The decision by Antonio Horta-Osorio, the chief executive of rival part-nationalised bank Lloyds, to waive his bonus after he spent time off work on sick leave put further pressure on Hester to make a similar gesture.
Giving Hester a reduced bonus would help Britain's Conservative-led coalition government strike a compromise between curbing bankers' pay in light of the country's economic slowdown, while sending out a message that top financiers can still get good pay in London, compared to Asia and America.
Nevertheless, Hester's bonus drew criticism from members of both the opposition Labour party and the Liberal Democrat (LibDem) party, the junior member in the coalition government.
"Nobody doubts that Stephen Hester has done some important things at RBS, but what this award shows is [Prime Minister] David Cameron's promises about reining-in excessive bonuses at state-owned banks or using shareholder power have proved to be utterly worthless," said Labour's financial secretary Chris Leslie.
Liberal Democrat lawmaker Matthew Oakeshott also attacked Hester's bonus, saying RBS was not lending enough money to businesses to help the economy recover under a deal struck last year between the government and banks called "Project Merlin".
"This is a totally unacceptable reward for failure when RBS under Mr Hester has missed its key lending target to small companies, which it pledged under Project Merlin," Oakeshott told Reuters.

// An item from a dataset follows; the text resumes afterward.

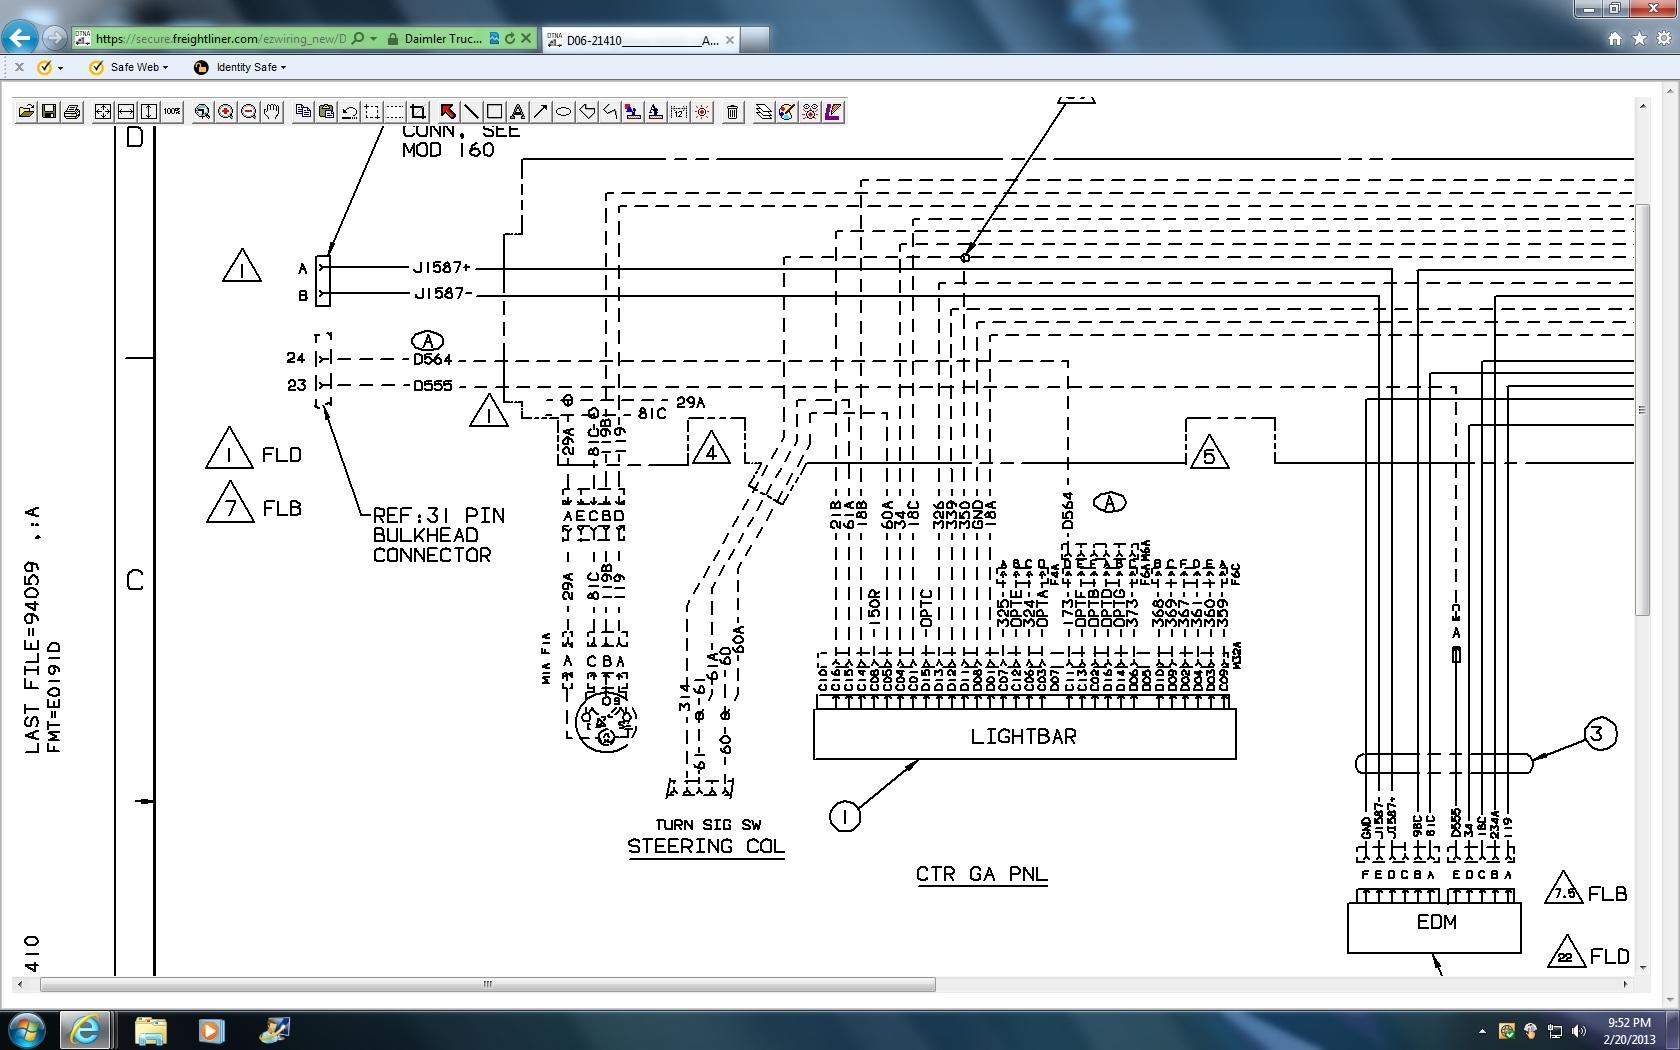 Ddec Ecm Iii Wiring Diagram - ddec iv wiring diagram wiring ... Ddec Ecm Wiring Diagram on

Public fury over bankers' salaries has shown few signs of abating as job losses and pay restraint are the order of the day for many people as the economy stalls.
In Britain, the salaries of top staff at RBS and Lloyds are particularly controversial because both banks were bailed out to the tune of £66 billion during the credit crisis.
The bailouts left Britain owning around 83 per cent of RBS and roughly 40 per cent of Lloyds.
Hester joined RBS in October 2008 from property company British Land as RBS was reeling from its disastrous acquisition of Dutch bank ABN Amro.
Britain used some £45 billion of taxpayers' money to rescue RBS.
Hester, who had previously worked at rival banks Abbey National and Credit Suisse, was given a brief to restructure RBS and return it to health. Assets and businesses were sold and jobs were cut.
RBS recently took the axe to its investment bank, cutting thousands of jobs as it exits certain businesses.
RBS shares closed at 27.67 pence on Thursday, nearly 50 per cent below the 49.90 pence average price at which the British public effectively acquired its stake in the bank.
RBS said Hester deserved his bonus for having made the bank "safer", improving customer support and boosting the performance of certain businesses.
"Stephen Hester's pay award reflects progress in the categories agreed with our shareholders as set out in the Remuneration Report. His pay is strongly geared to the recovery of RBS, which he was recruited to turn around, having played no part in its collapse," RBS Chairman Philip Hampton said.